This method was selected as the prototype method has an accuracy of 77.8 percent.

The technical result is to expand the Arsenal of technical means, as well as improving the accuracy and specificity of the method for the prediction of spontaneous pregnancy in women with stages I and II of external genital endometriosis. The technical result is achieved in that before the surgery in the peripheral blood of women with I-II stage of endometriosis determine the relative amount of IL-1β + monocytes and its value is equal to or more than 50%, in the monocyte gate predicts spontaneous pregnancy within one year after surgical treatment.

The novelty of the proposed method lies in the fact that the first proposed to predict spontaneous pregnancy in women with stages I and II of external genital endometriosis after surgical treatment of infertility by definition of the relative content in peripheral blood monocytes, producing intracellular IL-1β.

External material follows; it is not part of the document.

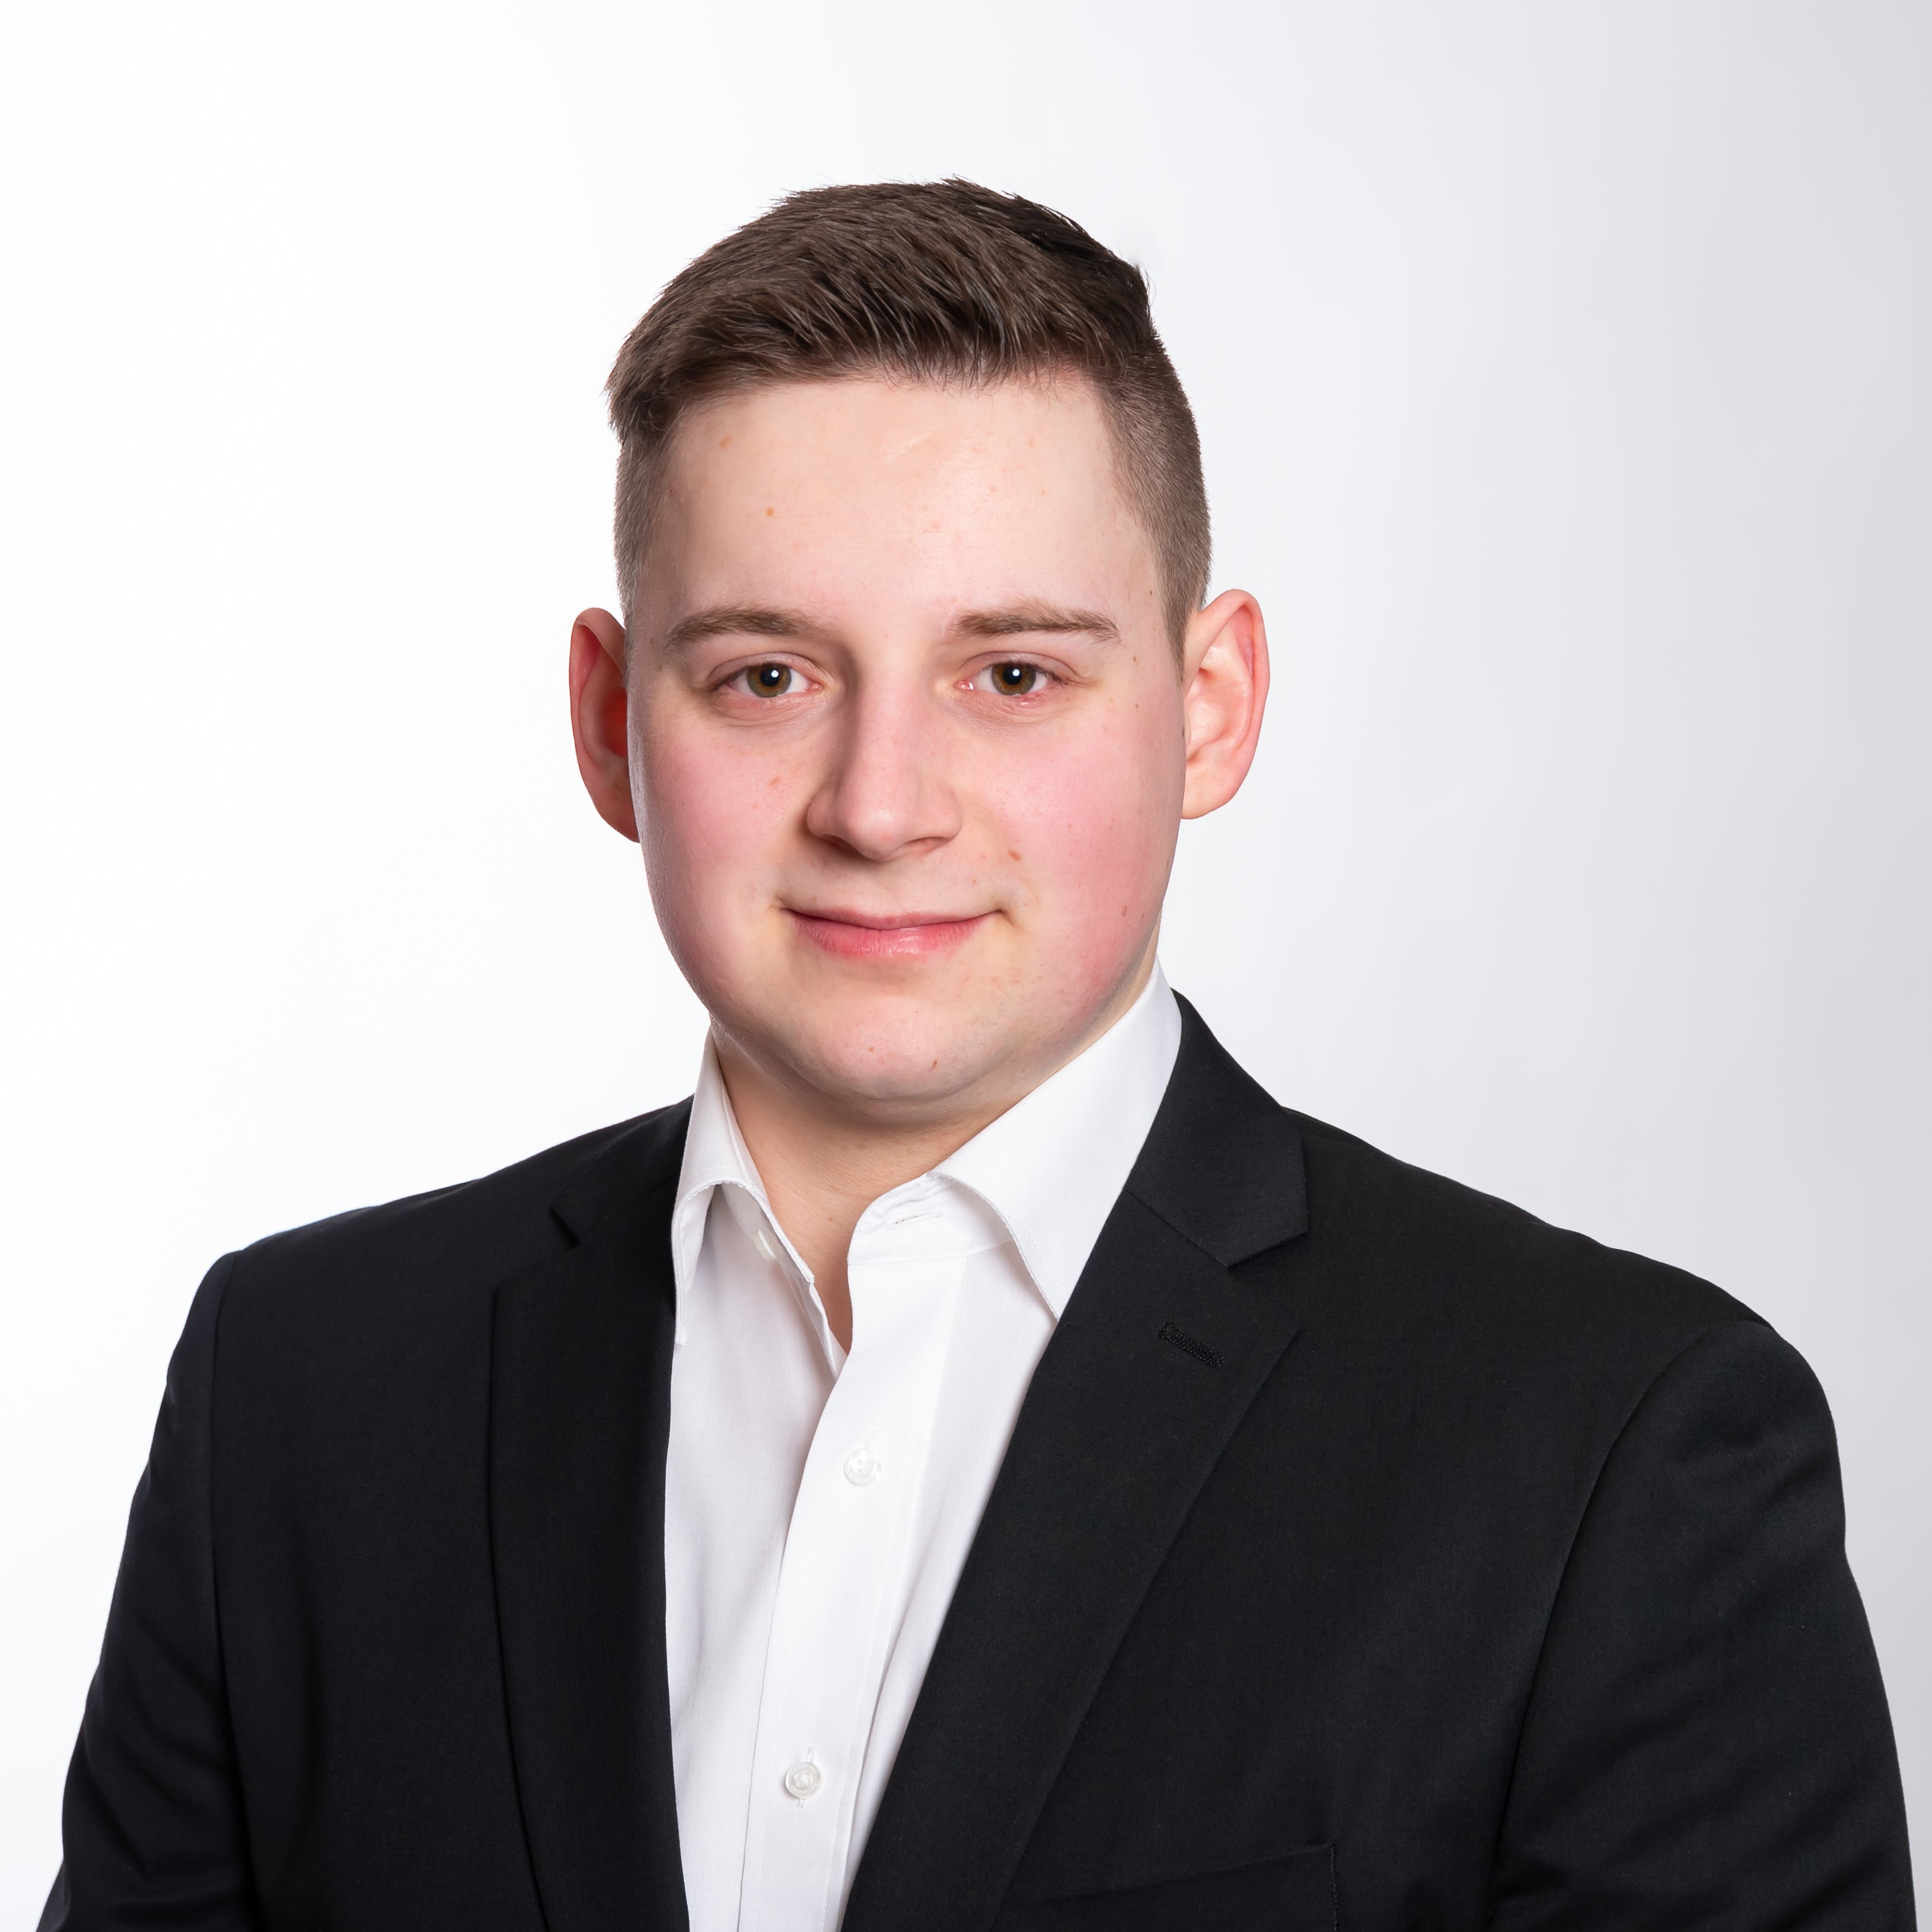 Dominik Bienz, JCVP

Earlier this indicator was used to evaluate the response of monocytes on stimulation by lipopolysaccharides in patients with hypercholesterinemia (Moutzouri E., C. C. Tellis, Rousouli K., Liberopoulos E. N., H. J. Milionis, Elisaf M. S., A. D. Tselepis Effect of simvastain or its combination with ezetimibe on Toll-like receptor expression and lipopolysaccharide - induced cytokine production in monocytes of hypercholesterolemic patients // Atherosclerosis.- 2012.- Vol. 225. - N. 2. - P. 381-387). It was also shown that the number of IL-1β - producing monocytes was increased in Alzheimer's disease (Torres de Lima KC, de Lima GS, Fiamoncini CM, de Rezende VB, de Araujo Pereira P, Bicalho MA, de Moraes EN, Romano-Silva MA. Increased frequency of cluster of differentiation 14 (CD14+) monocytes expressing interleukin 1 beta (IL-1β) in Alzheimer's disease patients and intermediate levels in late-onset depression patients // Int J Geriatr Psychiatry. 2013 May 14. doi: 10.1002/gps.3973. [Epub ahead of print]). In pregnant women with preeclampsia in the peripheral blood revealed increased amounts of IL-1β + monocytes (Manie S. C. the Role of the proinflammatory cytokine interleukin-1β in the pathogenesis of gestosis // author. Diss. Cand. honey. Sciences. - Ivanovo, 2006, 24 p.). For prediction of pregnancy in women with infertility associated with external genital endometriosis after surgical treatment of infertility, this indicator was not used.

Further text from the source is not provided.